During the first plenary led by President Ali, several heads of state and government and other officials were invited to deliver interventions on the Global State of Biodiversity, highlighting key achievements, challenges and opportunities.
Barbados Prime, Minister Mia Mottley in her address at the summit said, “You cannot address the issues of saving the planet without addressing the issues of both climate and biodiversity and pollution at the same time.”
She underscored that those living the reality of environmental challenges must not only advocate strongly on the international stage, but act even more decisively at the local level. Mottley also highlighted a new initiative in collaboration with the Barbados Wetland Trust, through which they were able to resuscitate and reopen the Graham Hall Nature Sanctuary closed for nearly 20 years for the benefit of both birds and the people of Barbados. She disclosed that Barbados is working to restore its remaining wetlands, many of which have been destroyed, and is in the process of establishing two additional entities aimed at preserving biodiversity. “This will allow us to elevate the work that we must do to preserve our coastal areas. One from the erosion of sargassum, which is deadly on our eastern coast, but also from the natural erosion taking place as a result of agriculture run off and other factors,” the PM noted.

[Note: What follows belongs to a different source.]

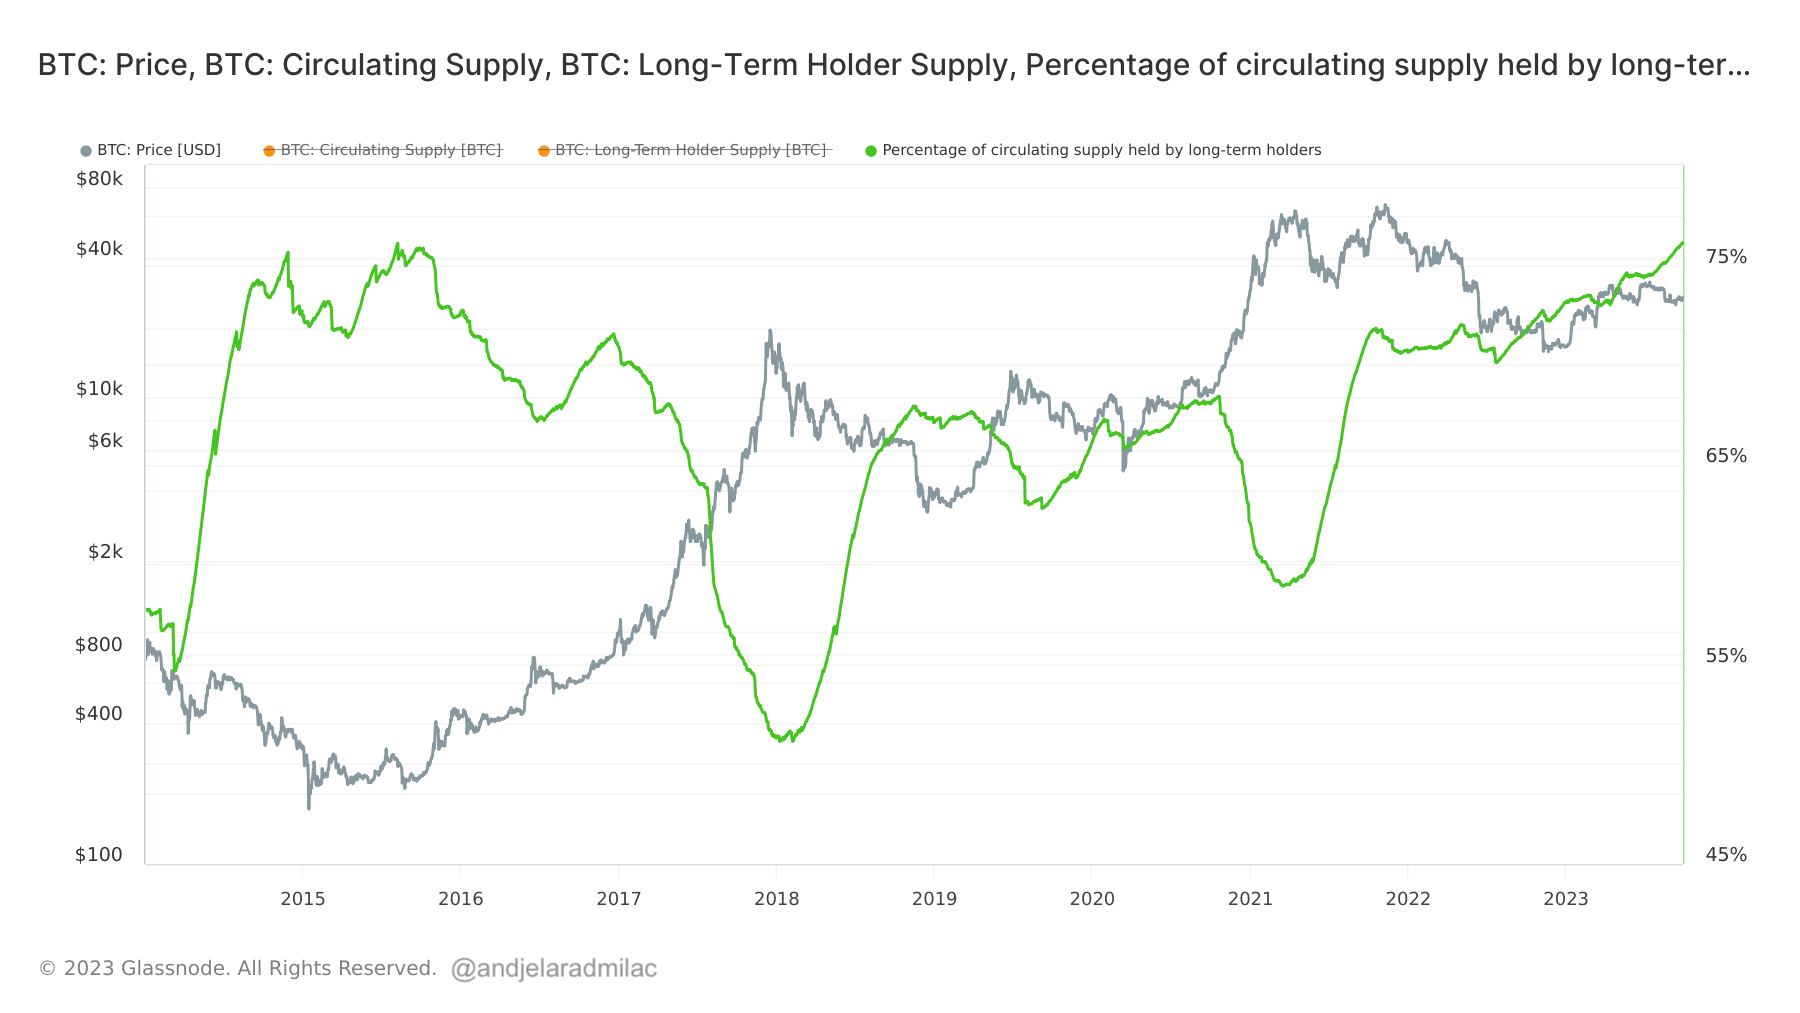 long-term holders supply percentage circulating supply 2014 2023

For his part, Iván Duque Márquez, former President of the Republic of Colombia, said, “The challenges we face are big, we have lost in the last five decades almost 70 per cent of the world’s wildlife. We have seen that land degradation, and also negative use of land, has become the second largest source of greenhouse gasses emissions, and we know that if we don’t act promptly and with the right instruments, we are going to see most of our ecosystems suffer like no other time before.”
The former president said that he was confident the Global Biodiversity Alliance will introduce practical elements for action, which involve market-driven, nature-based solutions. He further underscored that the world is facing an enormous amount of debt.
He further outlined the need to define that protecting biodiversity is linked with food security, natural security, and safeguarding global supply chains. He said too that there is a need to create elements that avoid further degradation of ecosystems.
“We are in an Amazon country, and the Amazon has lost in the last four decades the equivalent of France and Germany together inland. And people may believe that stopping that level of deforestation seems impossible. Well, the response is no, because we’re in a country like Guyana, that has been able to keep 95 per cent of its territory in tropical jungle successfully,” he outlined.
Additionally, María José Pinto, the Vice President of the Republic of Ecuador, said her country is one of the most biodiverse countries on earth. “But we know that biodiversity is not only counted in species, it is measured in well-being of people in the health of our ecosystems and the opportunities we create for those who come after us,” she noted.
Outlining Ecuador’s vision for biodiversity, she said it drives equity, well-being, and innovation and brings conservation and economic transformation together by placing both people and nature at the heart of development. “Ecuador calls on the global community and especially the financial, technological and political leaders gathered here to recognise a fundamental truth. Biodiversity is not just a global responsibility, it is a global opportunity,” she added.
She made a call for the expansion of innovative mechanisms through debt-for-nature swaps, including legal frameworks, and platforms for climate and biodiversity finance that reach local actors.